In single word, Yes. Income tax expense always recognized in the current year! Tax effect accounting as mandated in IAS 12 has two main purposes:
To calculate and account for the future tax consequences for those items where taxation and accounting treatments differ. Income Tax Expense Always Recognized In Current Year.
To calculate and account for the current tax liabilities of the company
Future tax consequences arise when the carrying amount of items recognized in the company’s statement of financial position differ from their tax figure.  An item’s tax base equals the amount that would be shown as an asset or liability in a statement of financial position prepared for taxation purposes.
These future tax consequences may involve either the payment of additional tax (temporary taxable differences) or future tax savings (temporary deductible differences and tax losses). Such future liabilities or savings are recognized as deferred tax liabilities or deferred tax assets. The standard requires that both current and deferred amounts be reported as income tax expense (income) for the reporting period.

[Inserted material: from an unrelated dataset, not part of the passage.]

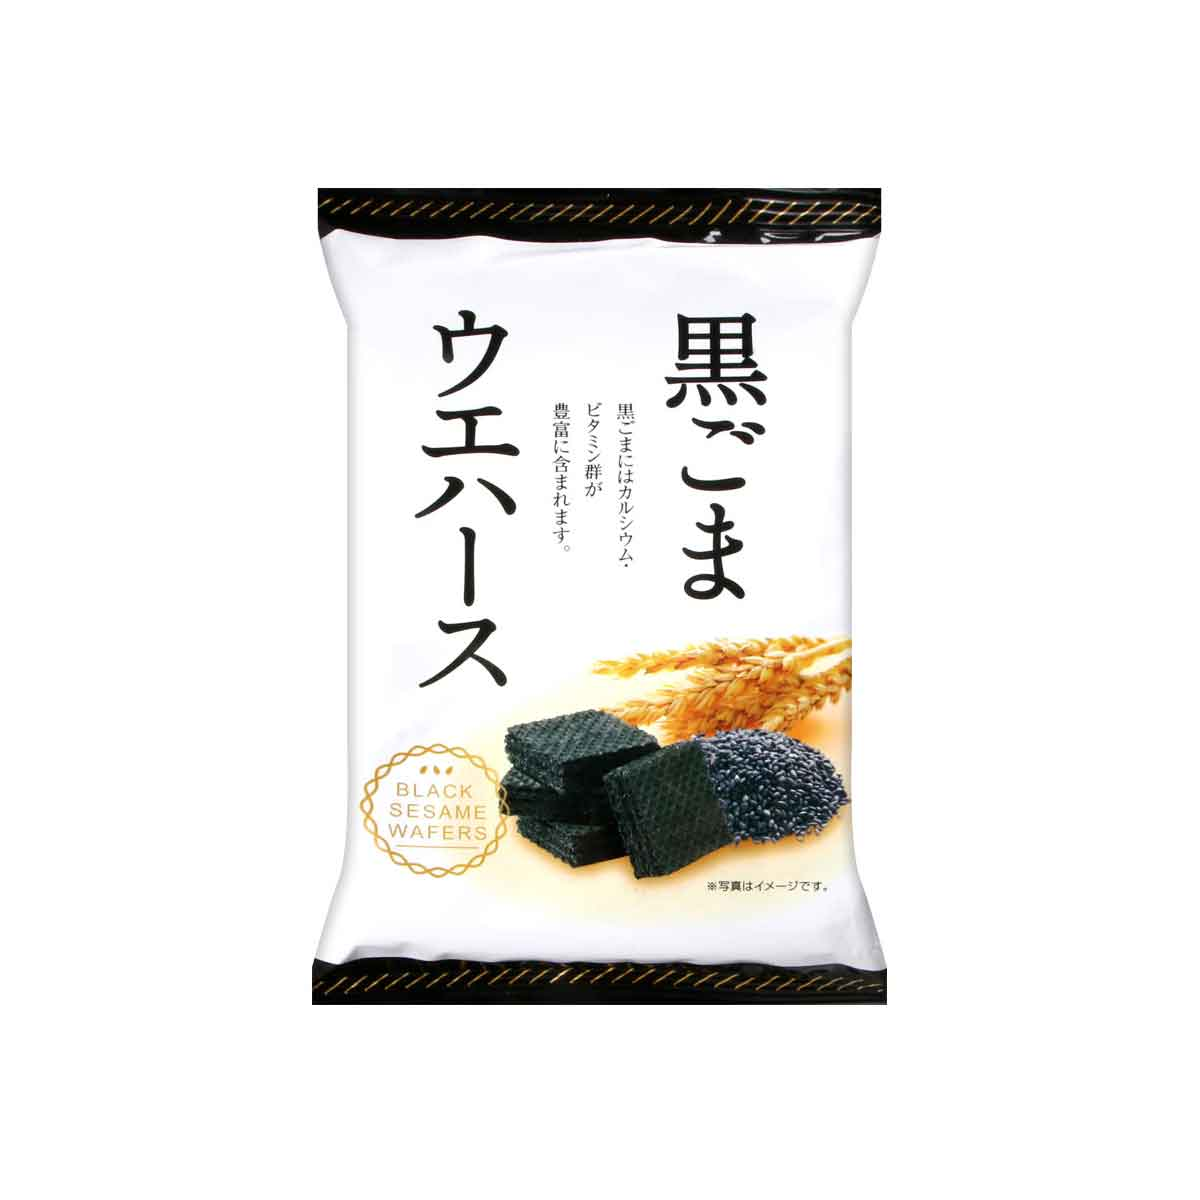 黑芝麻威化餅 餅乾 甜點 日本進口製造

Thus, if an income tax expense is prepaid creating a deferred tax asset (future deduction) the current year’s income tax expense will record this deduction against the current year’s profit even though the deduction will not affect taxable income until next year. Effectively, tax-effect accounting ensures that the tax-effect of each transaction or event recognized during a financial year will be reflected in the income tax expense of that year irrespective of when that tax-effect will occur.